The other day, sitting in an ante chamber to hell, I picked up a copy of US Weekly and with a gleeful heart read several pitiable stories about the lives of the rich and famous. Tom and Nicoles Irreconcilable Differences! The Movie that Wrecked Meg and Denniss Marriage! Matthew Perrys Sudden Return to Rehab!
Matthew, personally, I'm surprised at you-this, after you'd told us you'd given up drinking, drugs, clubs and strip joints for good (Ive done it, its tired, its beat). Didn't you say-only a couple of weeks ago (during my previous visit to the dentist)-Now I like having those quiet nights at home? And I, like a fool, believed you, dude. Of course, you didnt say whose home. Shortly thereafter you crashed your green Porsche into some poor, unsuspecting persons house in the Hollywood Hills.
In these stories there is always the insipid statement from the publicist who, like some inane, twittering bird on Prozac, sees everything: Matthew has every intention of completing his treatment so he can continue his dream of entertaining people and making them laugh. Black humor department, we assume.
These articles abide by the now well-proven People Principle which states that every celebrity story must contain some personal tragedy. This isnt just the Schadenfreude of seeing the mighty get their comeuppance, it's the natural extension of the requisite Terrible Twos quota that we require from our idols. Its their job to behave badly. Wretched excess is their mandate (arrogance, self-indulgence, bad behavior, and insensitivity, their prerogative). They are obliged-poor things!-to act out all the scandalous behavior that we mortals are constrained to avoid. They are our surrogate bad boys and girls. Like action figures, we set them up to knock them down.
The pleasure in seeing our idols (well, somebodys idols) fall off their pedestals for the very things weve goaded them to with sycophantic fawning, money, and fame is an ancient vice. You could say its current People-magazine phase started with Boccaccio, the fourteenth-century Italian author of The Decameron. His De Casibus Virorum Illustrium (The Fall of Famous Men) was a best-seller in Renaissance Italy.

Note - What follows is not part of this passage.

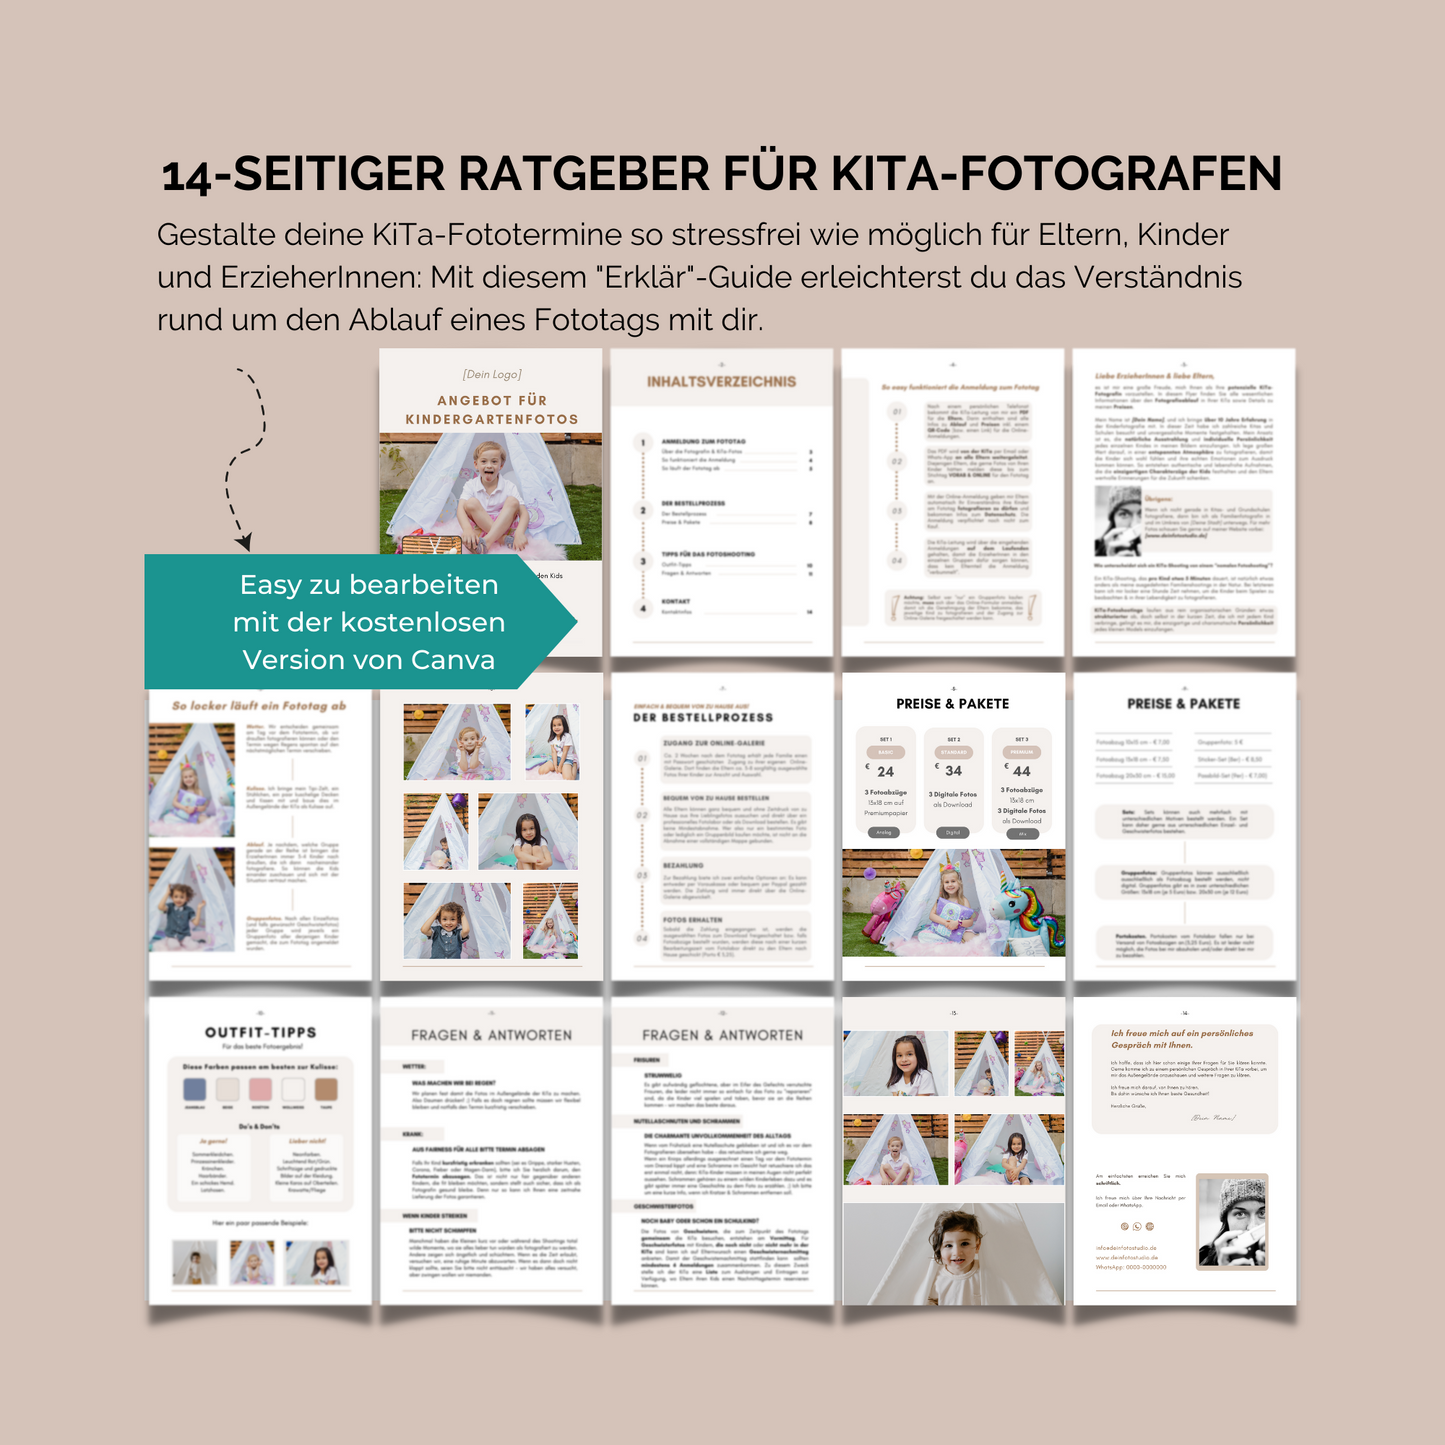 14-seitiger Ratgeber für KiTa-Fotografen inkl. Q&A und Oufit-Tipps.

Detailing the vanity of human folly since Adam, Boccaccio believed that every great man had a fatal flaw that would eventually bring him down.
You might even take this a step further and say that Greek tragedy and the tragedies of Shakespeare are a form of weeping (while gloating) over the dreadful fates of Kings and Queens. Shocking New Revelations About King Oedipuss Marriage and the Homicide He Tried To Conceal! The Sickening Details of Medeas Family Life! As for Shakespeares fallen monarchs, they're just Late Medieval movie stars caught in the act. Richard III: There He Goes Again! The Macbeths Steamy Secret!
The grisly fates of famous people were so taken for granted in Ancient Greece that kings were ritually maimed at birth to avert the wrath of the gods (Oedipus got his name swell-foot from just such a mutilation). As if to say, gods, don't look at me, there's nothing to envy here, I'm just a poor club-footed wretch, I couldn't possibly mean anything to you. Why dont you try the King of Corinth? Hes got a real bad case of hubris and needs taking down a peg or two. This is all nuttily expounded upon in Robert Gravess novel, King Jesus.
Out of the banality and squalor of celebrity debris I did spy one item that gave me pause: The Odd Couple: Jack Moves in With Marlon. Does anyone else find something almost mythological in this arrangement? Here are Jack Nicholson and Marlon Brando, the two top cats in the movies, living in the same house-just like those saucy, out-of-control gods on Mount Olympus. These guys really are genuine cultural icons, mythic characters of such resonance that the goofy thought crosses my mind that perhaps they actually are gods (pretending to be actors).
What did happen to the Greek gods, anyway? Just consider all the things that Marlon and Jack have in common with the gods of Olympus: serial philandering, terminal bad behavior, self-delusion, abuse of power, epic chutzpah, and over-decorated dwellings.
Listen, I'm glad to hear you guys are bunkies but, Marlon, a word to the wise: be careful, be very careful. Get all the radios and hair dryers out of the bathroom. Are you getting my drift? Whenever youre tempted to let down your guard, just remember what Jack said: Marlons number one. When he goes, well all move up a place.